Source material:
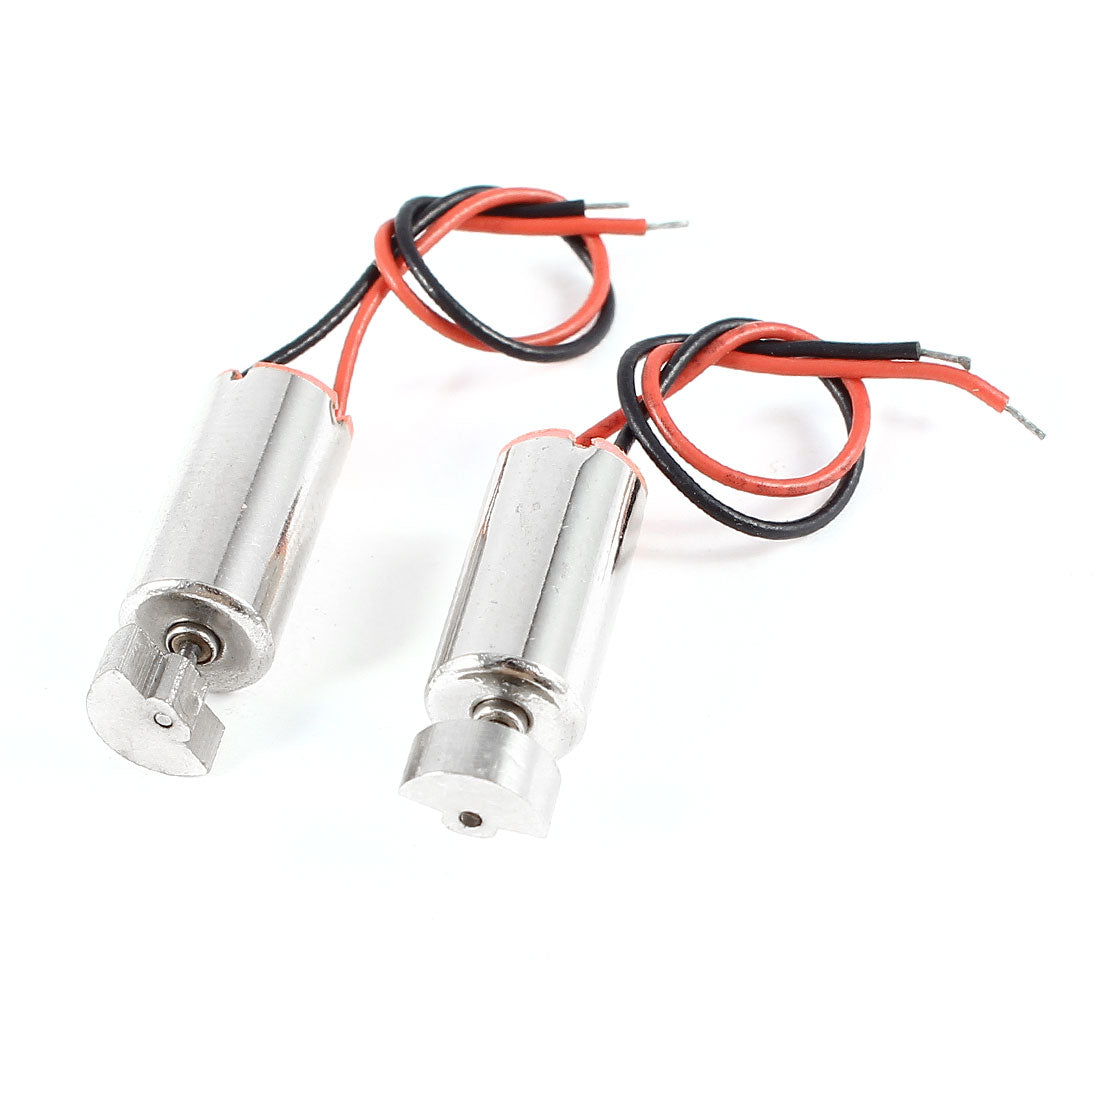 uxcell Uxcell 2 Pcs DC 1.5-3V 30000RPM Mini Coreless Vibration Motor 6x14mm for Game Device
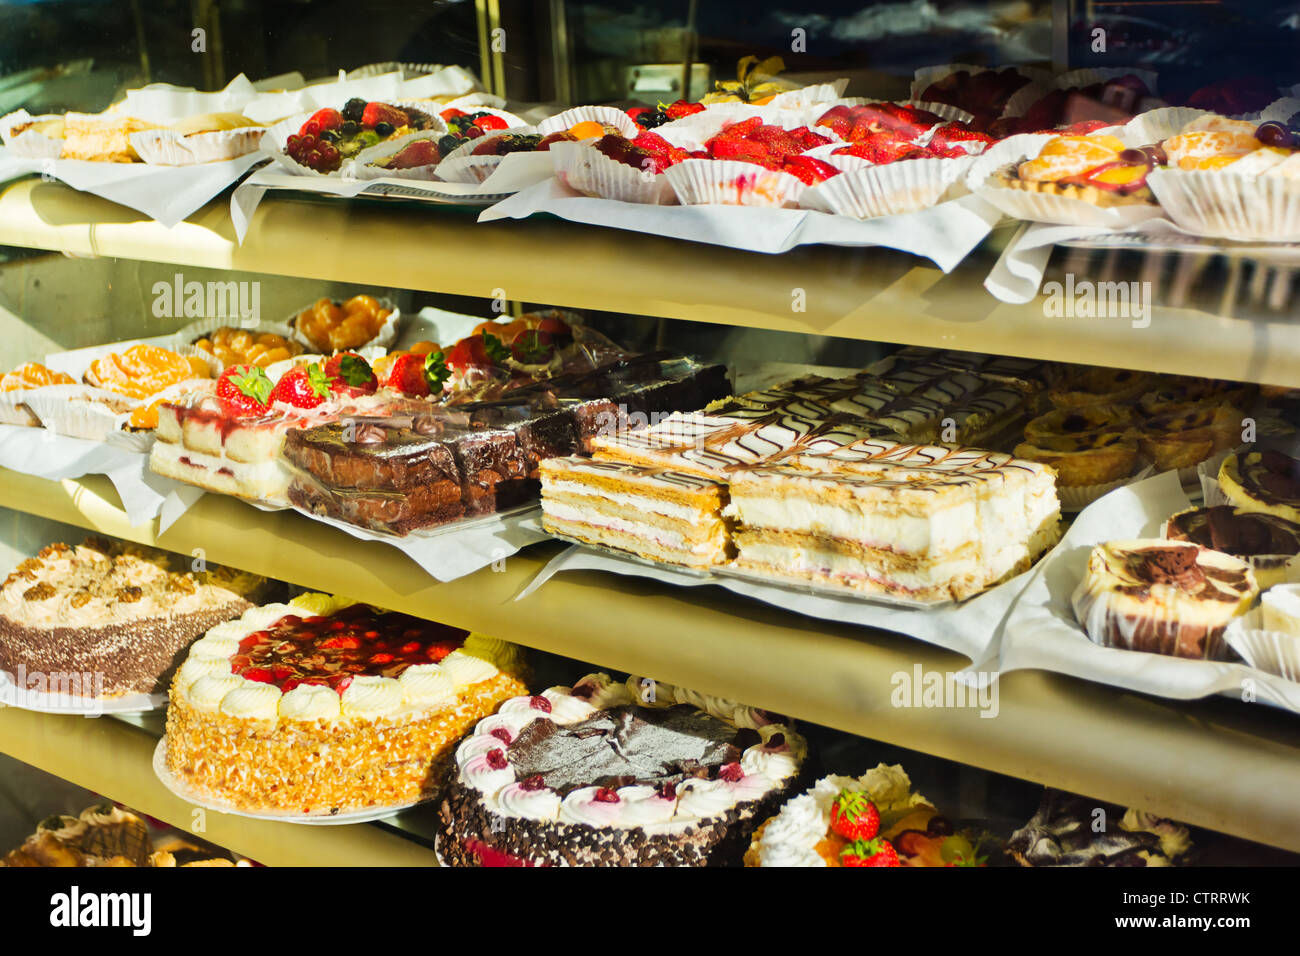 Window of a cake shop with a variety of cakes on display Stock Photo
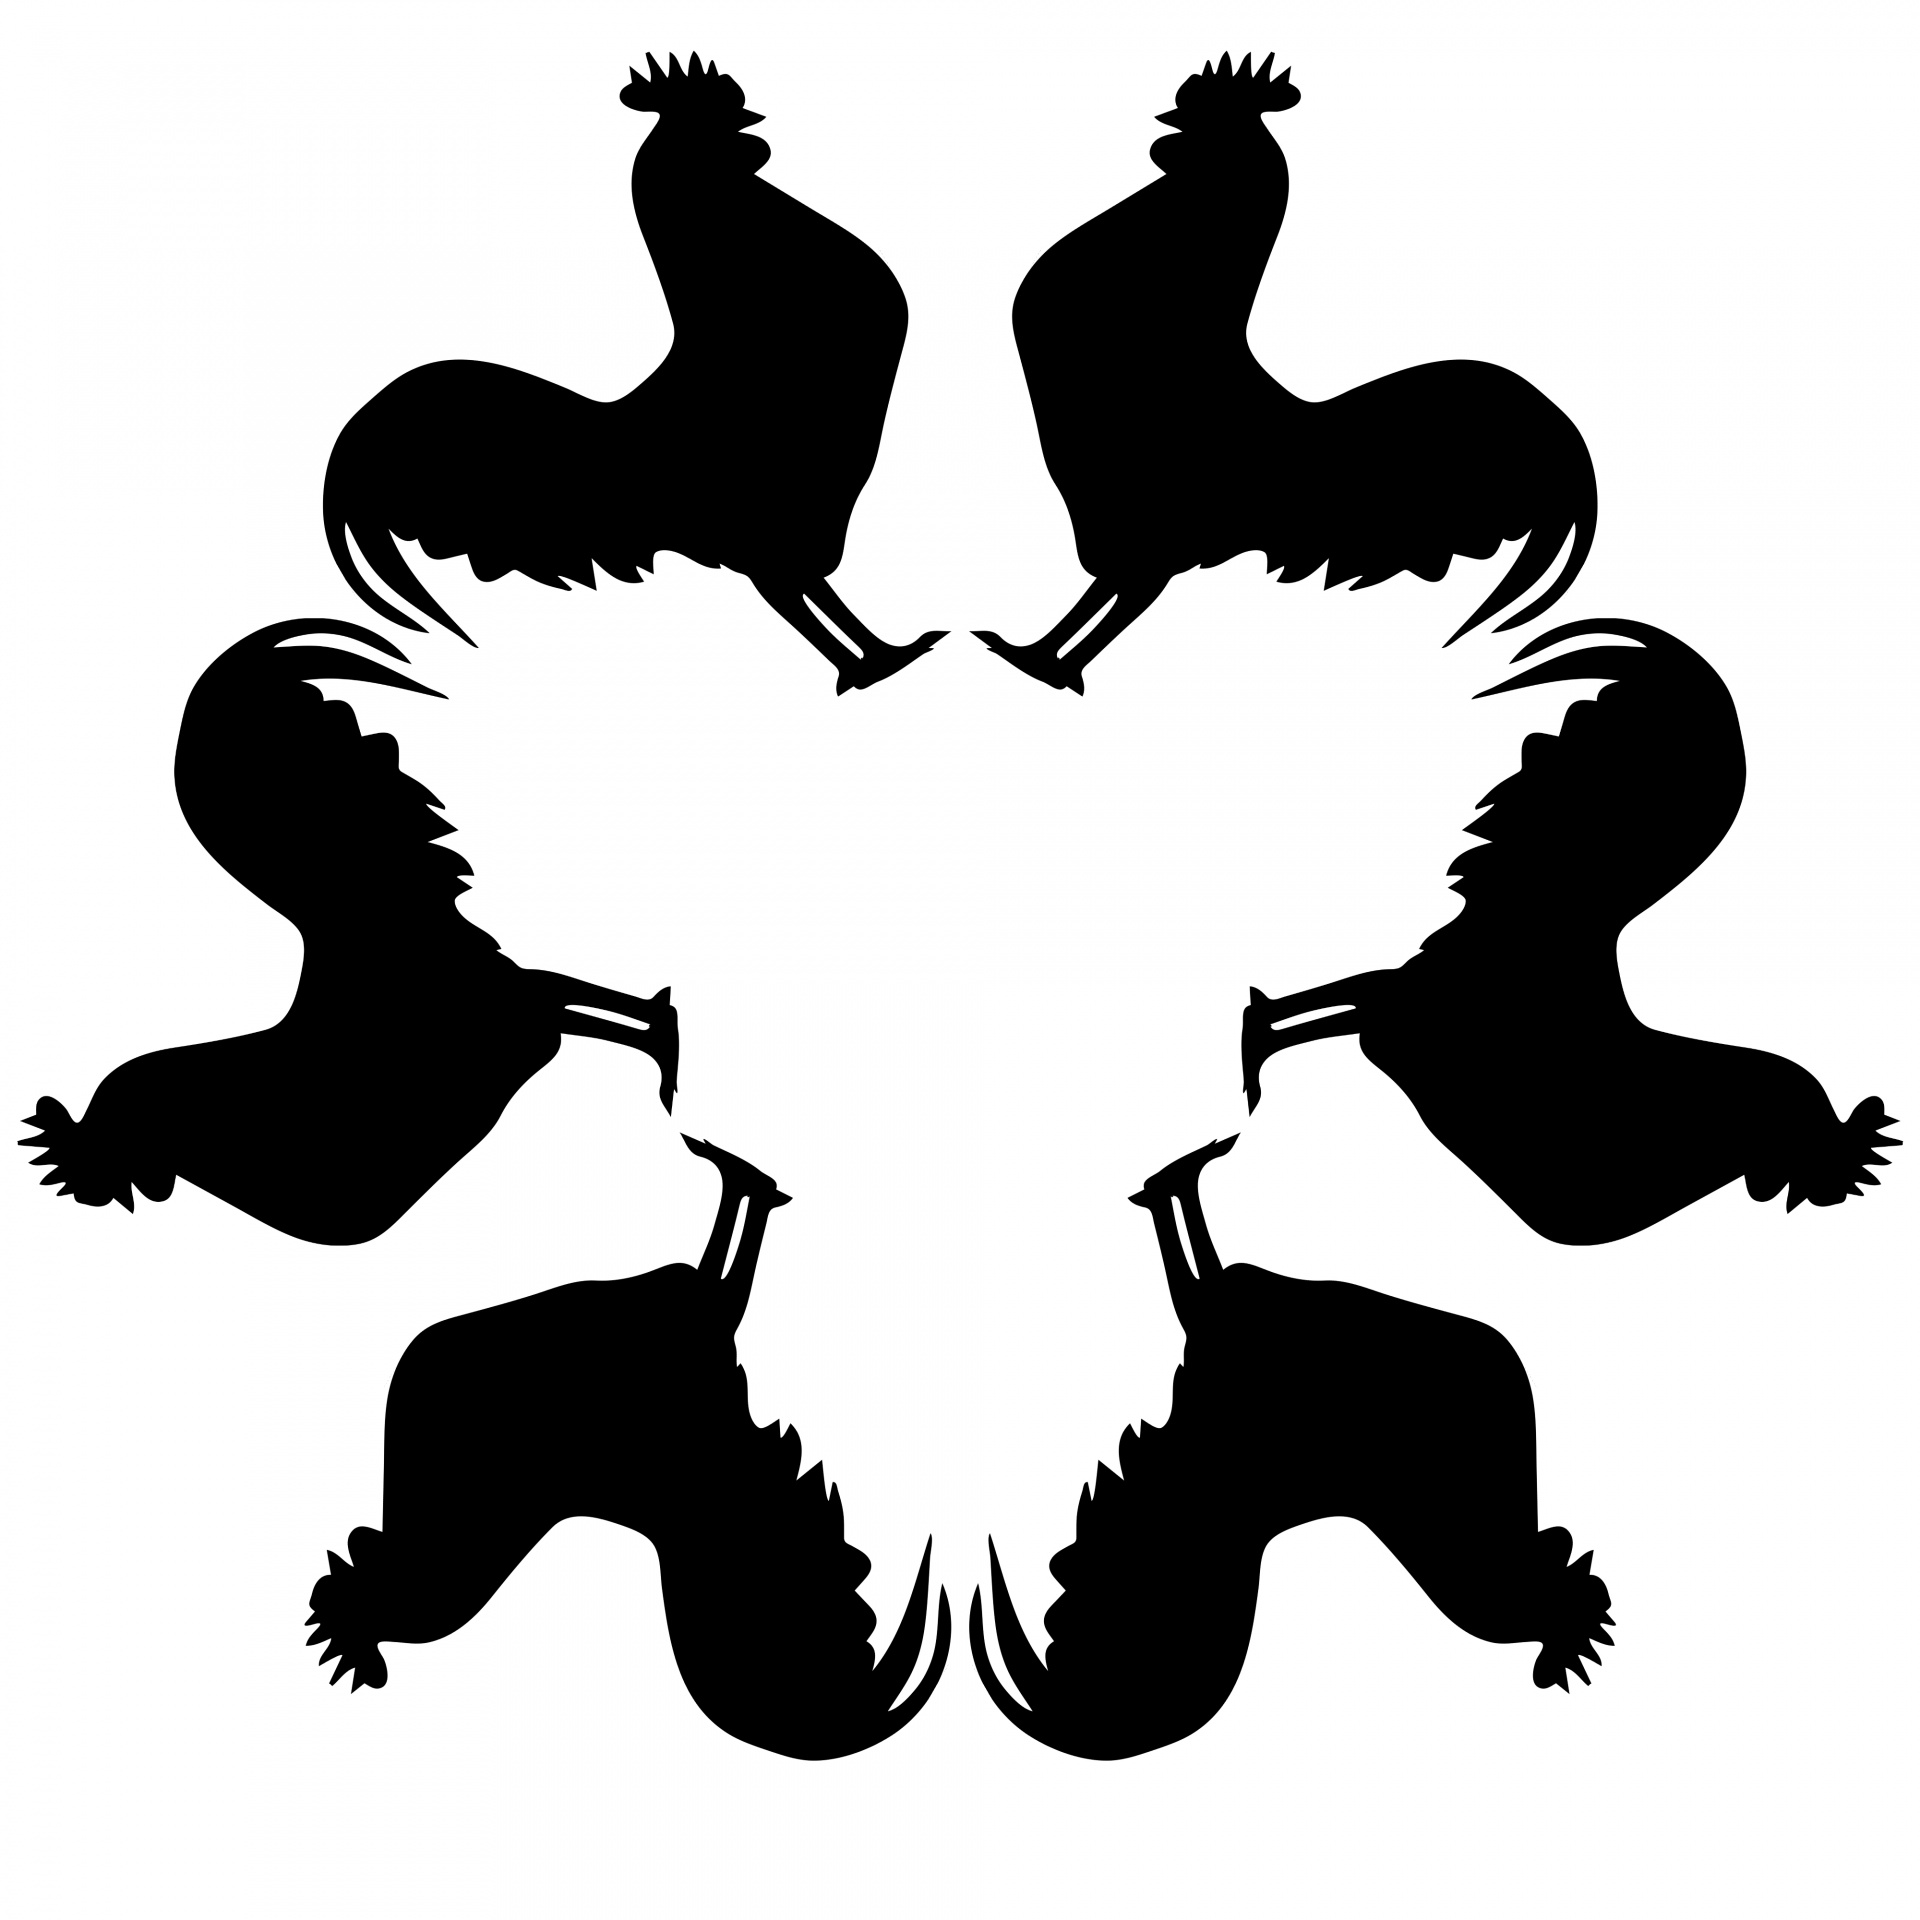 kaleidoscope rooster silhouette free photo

Directions: Your reply should consist of the data, transcribed exactly, and should hold no pictures.

Task response:
 uxcell Uxcell 2 Pcs DC 1.5-3V 30000RPM Mini Coreless Vibration Motor 6x14mm for Game Device
 Window of a cake shop with a variety of cakes on display Stock Photo
 kaleidoscope rooster silhouette free photo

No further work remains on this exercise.